The majority of all sequenced bacterial and archaeal genomes belong to only four bacterial phyla, severely skewing our view of microbial genetic diversity1. This bias partly results from our inability to cultivate most microbes2, which is a necessary step for traditional whole-genome sequencing. Through cultivation-independent approaches, namely the assembly and binning of metagenome shotgun sequencing data3,4 and single-cell genomics (SCG)5,6, one can now access the genetic makeup of uncultivated microbes. Both methods bypass the conventional cultivation step, and they can be applied directly to environmental samples. Natural populations that have a high degree of genomic heterogeneity will be more accessible through SCG than through metagenomics, as cross-assembly of multiple strains is avoided. The ability to assign genome fragments to a particular single cell makes SCG a powerful tool to explore the genetic diversity and metabolic potential of uncultivated environmental microorganisms.
By applying the protocol described here, we successfully amplified genomes from 201 single cells belonging to 29 mostly uncharted branches of the tree of life1. This enabled us to explore their phylogenetic relationships and to discover novel metabolic features of microbial dark matter, groups with no cultivated representatives. The reference genomes generated by SCG also facilitate the interpretation of metagenomic data sets. For example, we demonstrated that single-cell genomes from uncultivated phyla substantially improve the phylogenetic anchoring of metagenomic reads1. Mapping of metagenome sequences to single-cell genomes has not only been applied to validating metagenome assembly and binning7 but also to subsequently improving the single-cell assemblies, as has been shown for SR1 bacteria, atribacteria and ammonia-oxidizing archaea8,9,10. Other studies successfully used fragment recruitment by single-cell genomes to investigate biogeographic distribution of uncultivated, marine taxa11,12. Although the bulk of the studies using FACS-enabled SCG have focused on bacteria and archaea, this protocol can also be adapted to microbial eukaryotes13 and mammalian cells14.
Several different methods for the isolation of single cells for SCG exist (for a review, see ref. 5), including serial dilution15, micromanipulation16, optofluidics (optical tweezing in conjunction with microfluidics17) and laser-capture microdissection of tissue samples18. Key advantages of optofluidics include the ability to capture the cell morphology and the reduced reaction volumes within the microfluidic chambers17. The main disadvantage is the lower throughput compared with FACS. Owing to its high speed and throughput and its ability to separate individual environmental cells on the basis of various cellular properties (e.g., size, fluorescence, granularity), FACS has become the preferred method for single-cell isolation in the context of SCG. The major limitation is the inability to visually inspect a cell and to minimize reaction volumes to nanogram range. FACS has also been successfully applied to populations. A recent protocol describes the use of FACS to enrich uncultivated symbiont populations19. The enriched pool of symbiont cells can undergo whole-genome amplification (WGA) followed by sequencing, yielding a population genome assembly or a homogeneous draft assembly in the case of a clonal population.

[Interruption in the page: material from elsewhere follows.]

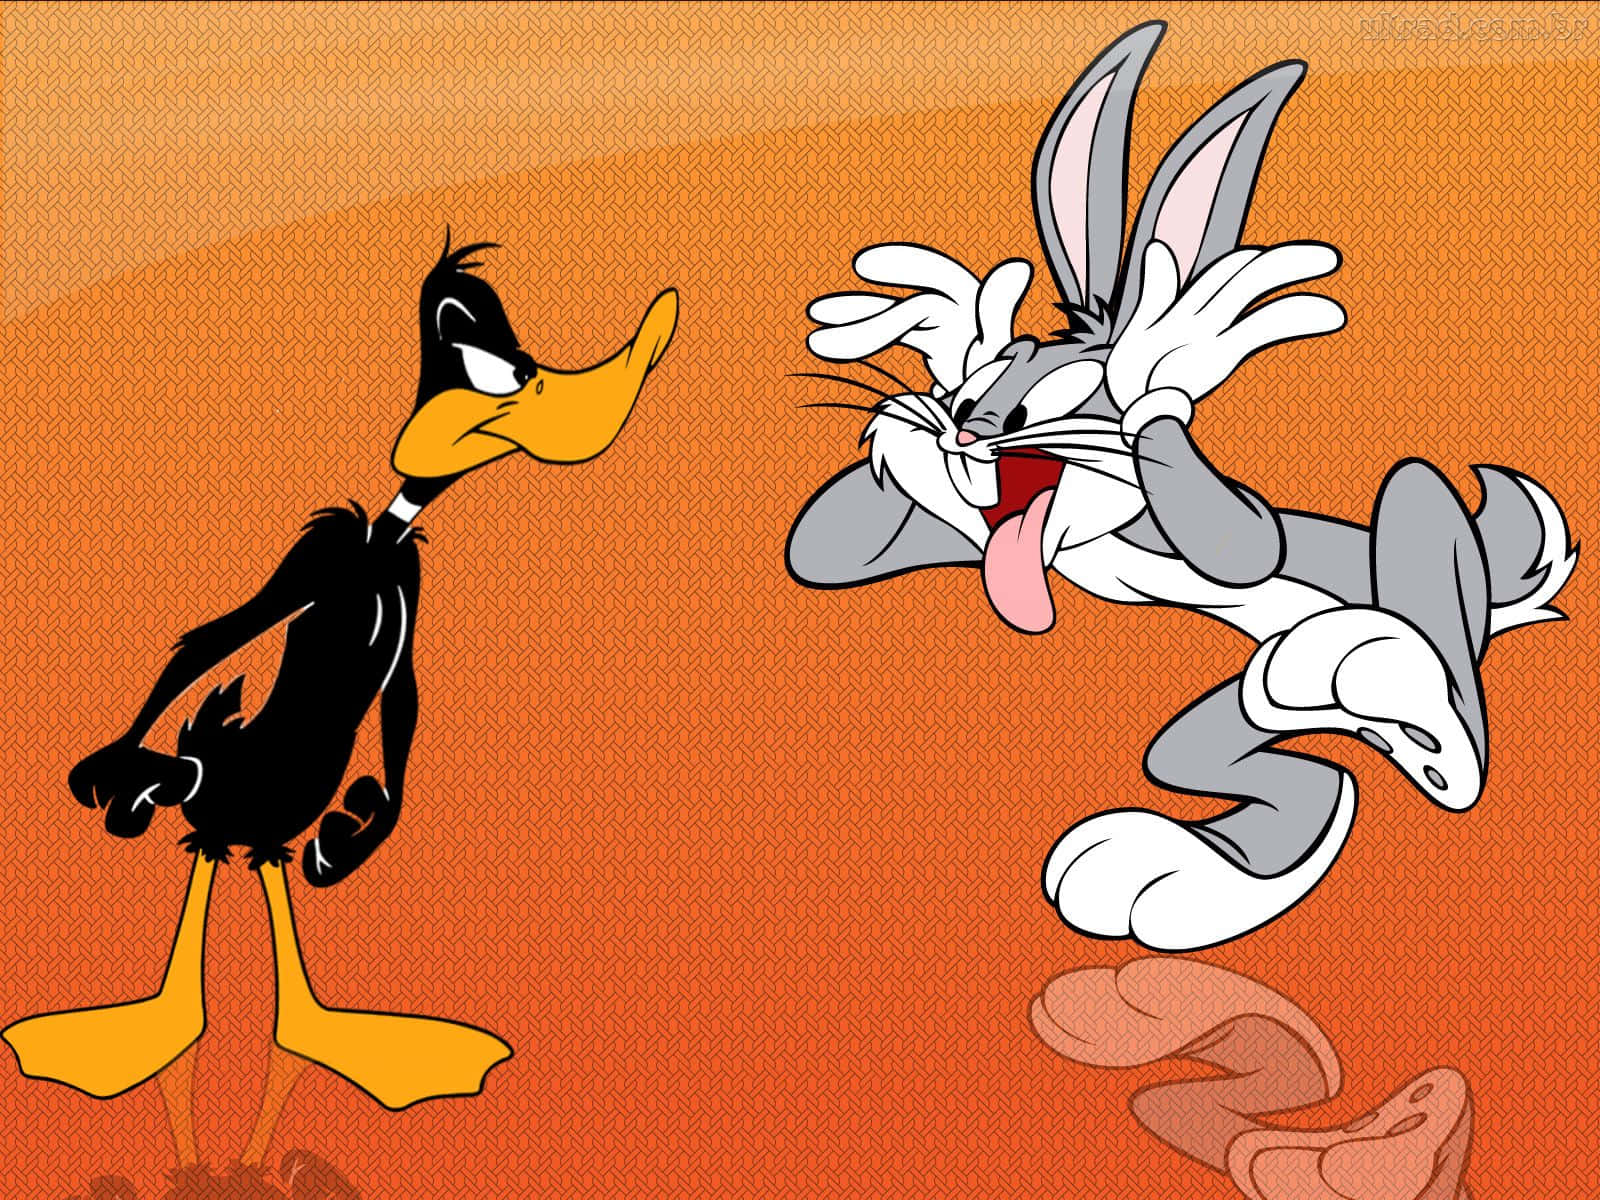 Clásicosdibujos Animados De Looney Tunes Con Bugs Bunny, Daffy Duck Y El Resto De La Pandilla.

Here we describe a protocol for obtaining genomes from individual, uncultivated environmental microorganisms by using random isolation of single cells by FACS. The protocol outlines the pretreatment of environmental samples, cryopreservation and the physical separation of individual cells, followed by lysis, WGA of the genomic DNA and 16S rRNA gene–based identification (Fig. 1).
Sample preservation and preparation. If the environmental samples are not used immediately after collection, storage is required to preserve the integrity of the cell and its DNA. We recommend flash-freezing the samples in liquid nitrogen with a cryopreservant such as betaine or glycerol, which does not interfere with the downstream cell separation, lysis and DNA amplification steps1,11,20. Precipitant-free, aquatic samples can be directly mixed with the cryopreservant. Nonaquatic samples, such as sediments, soil, fecal samples, biofilms and sludge, may require additional sample preparation to disaggregate the cells and remove noncellular particles. It is generally advisable to minimize the length of sample handling before cryopreservation and to limit changes in ionic strength, pH and temperature. For sediments, soil and fecal samples, we recommend vortexing with a sterile, isotonic buffer, followed by brief centrifugation (Step 1A). Repeated pipetting through a syringe may be used to disperse cells comprising some microbial mats. Dense biofilm samples may require a more extensive mechanical disaggregation to make the sample suitable for flow cytometry (Step 1B). Sludge samples benefit from a centrifugation step and subsequent manual grinding to make the biomass accessible (Step 1C). The volumes given below can be scaled up or down according to the amount of biomass present in the sample. Ideally, preparation should be performed on fresh samples, followed by immediate cryopreservation; however, postprocessing of cryopreserved samples is also possible.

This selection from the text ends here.